We started going to a Park Day in Berkeley when H was just four. The boys his age, a little older, worried me. How they pounded other kids on the backs when they played tag, tripped each other purposely. How they taunted each other: “You’re so lame!” “You’re so gay!”
The mothers were off in a circle, not really watching, singing choral rounds. The irony of this not lost on me.
My gut told me that this wasn’t what I wanted for my kid, but he needed friends. Was this just how boys were? Was I being overprotective?
There was one mom I liked–young, closer to my age. One rainy day she invited me and the kids over for play, for tea. Her kitchen, so cozy. She put out a plate of homemade scones, honey for my tea. H played with her son, L played with a basket of Playmobil at my feet, and the mother and I talked about our read-alouds and recipes for butternut squash soup.

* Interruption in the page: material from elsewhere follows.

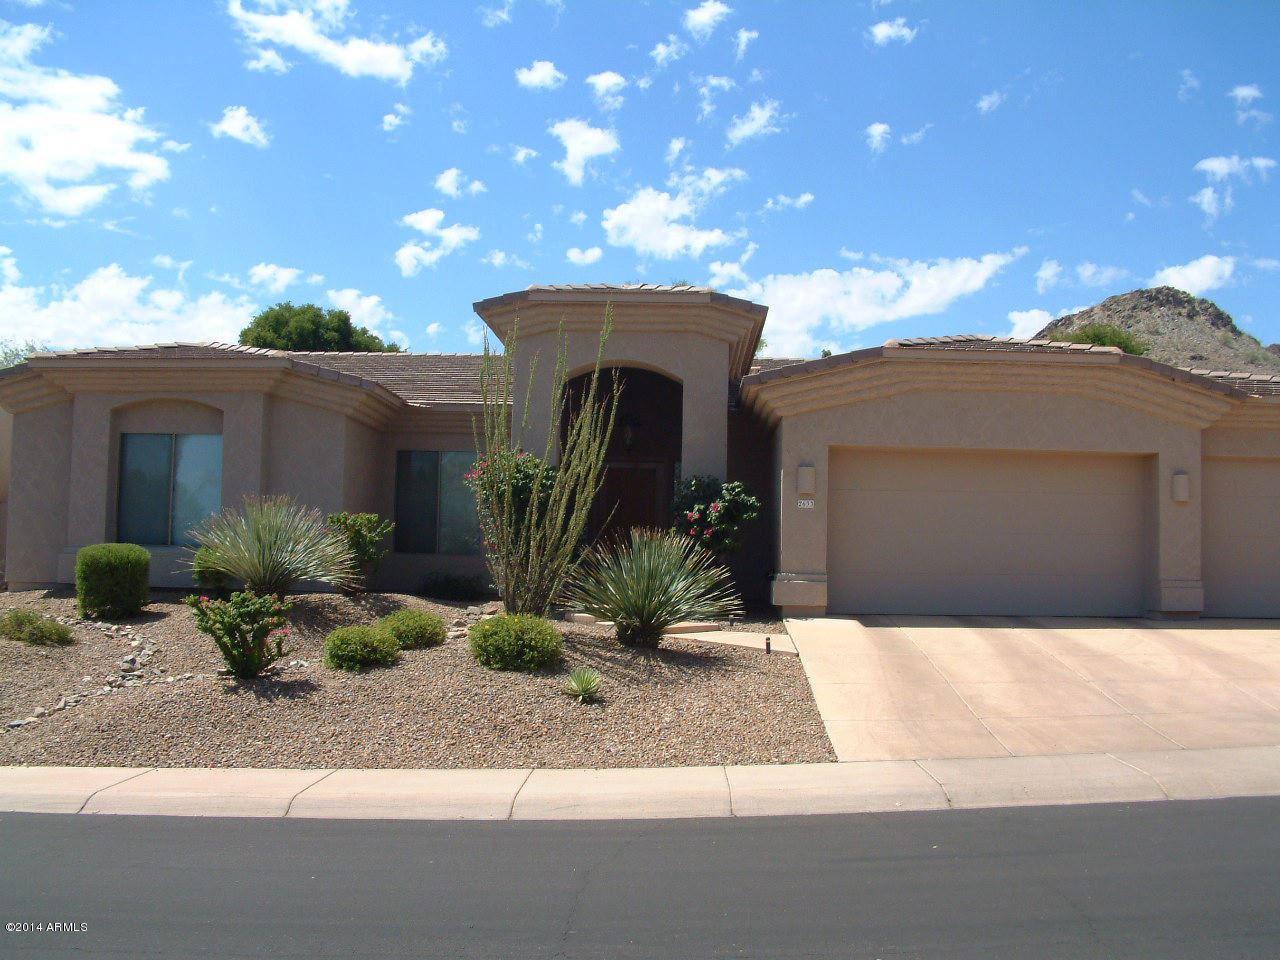 2633 E ACOMA Drive, Phoenix, AZ 85032 - #: 6092286

A few weeks later, after a Game Day at someone’s house, the boys circled up to kick a soccer ball. H was five by then, had never played soccer. The ball rolled to him, waiting there in his denim overalls. He did the natural thing and bent to steady the ball with his hands. Up shot a great wall of objection, variations of “You can’t touch it, idiot!”
One of the ringleaders was the son of the woman who had invited me to tea. He trash-talked constantly, a fact I’d been trying to ignore. Despite the hollering, H stayed in the circle, kicked at the ball, watched it bumble its way to the opposite side. The other boys pinballed it back to speed, boom boom boom, back and back and back, setting it up for one of the boys to hammer it across the circle, right at H, hard at his pelvis.
“Haha! Got him in the nuts!” the kid crooned. The others joined in, “Haha! Got him in the nuts! Got him in the nuts!”
H didn’t cry. I don’t remember what he did. I don’t remember what I did. I just know I got us out of there, skipped saying goodbye to the mothers, knew we’d never go back.
He was five. He still drank from a sippy cup.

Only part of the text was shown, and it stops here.